Task item: Each entry that follows must be output without any deviation.

Data listing:
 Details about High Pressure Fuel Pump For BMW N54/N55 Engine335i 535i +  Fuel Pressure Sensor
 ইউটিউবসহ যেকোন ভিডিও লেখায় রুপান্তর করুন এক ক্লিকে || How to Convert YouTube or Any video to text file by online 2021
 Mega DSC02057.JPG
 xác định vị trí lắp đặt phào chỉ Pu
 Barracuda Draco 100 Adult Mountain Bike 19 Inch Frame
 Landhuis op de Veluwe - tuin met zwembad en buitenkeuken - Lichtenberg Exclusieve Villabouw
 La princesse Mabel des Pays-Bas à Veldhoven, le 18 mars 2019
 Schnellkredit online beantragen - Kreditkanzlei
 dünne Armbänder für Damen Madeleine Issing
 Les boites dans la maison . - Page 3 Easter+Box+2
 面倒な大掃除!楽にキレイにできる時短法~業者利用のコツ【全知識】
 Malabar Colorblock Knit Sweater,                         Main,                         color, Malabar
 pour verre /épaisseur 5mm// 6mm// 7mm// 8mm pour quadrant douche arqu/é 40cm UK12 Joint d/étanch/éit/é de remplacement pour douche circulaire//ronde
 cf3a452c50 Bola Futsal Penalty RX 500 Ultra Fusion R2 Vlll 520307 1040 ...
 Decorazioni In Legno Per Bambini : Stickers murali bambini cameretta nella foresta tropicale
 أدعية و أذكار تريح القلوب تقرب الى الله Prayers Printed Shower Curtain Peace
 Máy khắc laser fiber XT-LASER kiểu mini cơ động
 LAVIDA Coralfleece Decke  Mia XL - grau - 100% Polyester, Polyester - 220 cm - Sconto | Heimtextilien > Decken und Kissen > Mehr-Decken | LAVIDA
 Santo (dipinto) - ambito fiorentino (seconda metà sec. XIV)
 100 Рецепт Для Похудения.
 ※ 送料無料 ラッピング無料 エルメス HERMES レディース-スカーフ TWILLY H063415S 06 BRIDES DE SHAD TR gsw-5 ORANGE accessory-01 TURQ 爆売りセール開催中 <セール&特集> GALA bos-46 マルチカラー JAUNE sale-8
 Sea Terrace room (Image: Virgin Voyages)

Exercise response:
 Details about High Pressure Fuel Pump For BMW N54/N55 Engine335i 535i +  Fuel Pressure Sensor
 ইউটিউবসহ যেকোন ভিডিও লেখায় রুপান্তর করুন এক ক্লিকে || How to Convert YouTube or Any video to text file by online 2021
 Mega DSC02057.JPG
 xác định vị trí lắp đặt phào chỉ Pu
 Barracuda Draco 100 Adult Mountain Bike 19 Inch Frame
 Landhuis op de Veluwe - tuin met zwembad en buitenkeuken - Lichtenberg Exclusieve Villabouw
 La princesse Mabel des Pays-Bas à Veldhoven, le 18 mars 2019
 Schnellkredit online beantragen - Kreditkanzlei
 dünne Armbänder für Damen Madeleine Issing
 Les boites dans la maison . - Page 3 Easter+Box+2
 面倒な大掃除!楽にキレイにできる時短法~業者利用のコツ【全知識】
 Malabar Colorblock Knit Sweater,                         Main,                         color, Malabar
 pour verre /épaisseur 5mm// 6mm// 7mm// 8mm pour quadrant douche arqu/é 40cm UK12 Joint d/étanch/éit/é de remplacement pour douche circulaire//ronde
 cf3a452c50 Bola Futsal Penalty RX 500 Ultra Fusion R2 Vlll 520307 1040 ...
 Decorazioni In Legno Per Bambini : Stickers murali bambini cameretta nella foresta tropicale
 أدعية و أذكار تريح القلوب تقرب الى الله Prayers Printed Shower Curtain Peace
 Máy khắc laser fiber XT-LASER kiểu mini cơ động
 LAVIDA Coralfleece Decke  Mia XL - grau - 100% Polyester, Polyester - 220 cm - Sconto | Heimtextilien > Decken und Kissen > Mehr-Decken | LAVIDA
 Santo (dipinto) - ambito fiorentino (seconda metà sec. XIV)
 100 Рецепт Для Похудения.
 ※ 送料無料 ラッピング無料 エルメス HERMES レディース-スカーフ TWILLY H063415S 06 BRIDES DE SHAD TR gsw-5 ORANGE accessory-01 TURQ 爆売りセール開催中 <セール&特集> GALA bos-46 マルチカラー JAUNE sale-8
 Sea Terrace room (Image: Virgin Voyages)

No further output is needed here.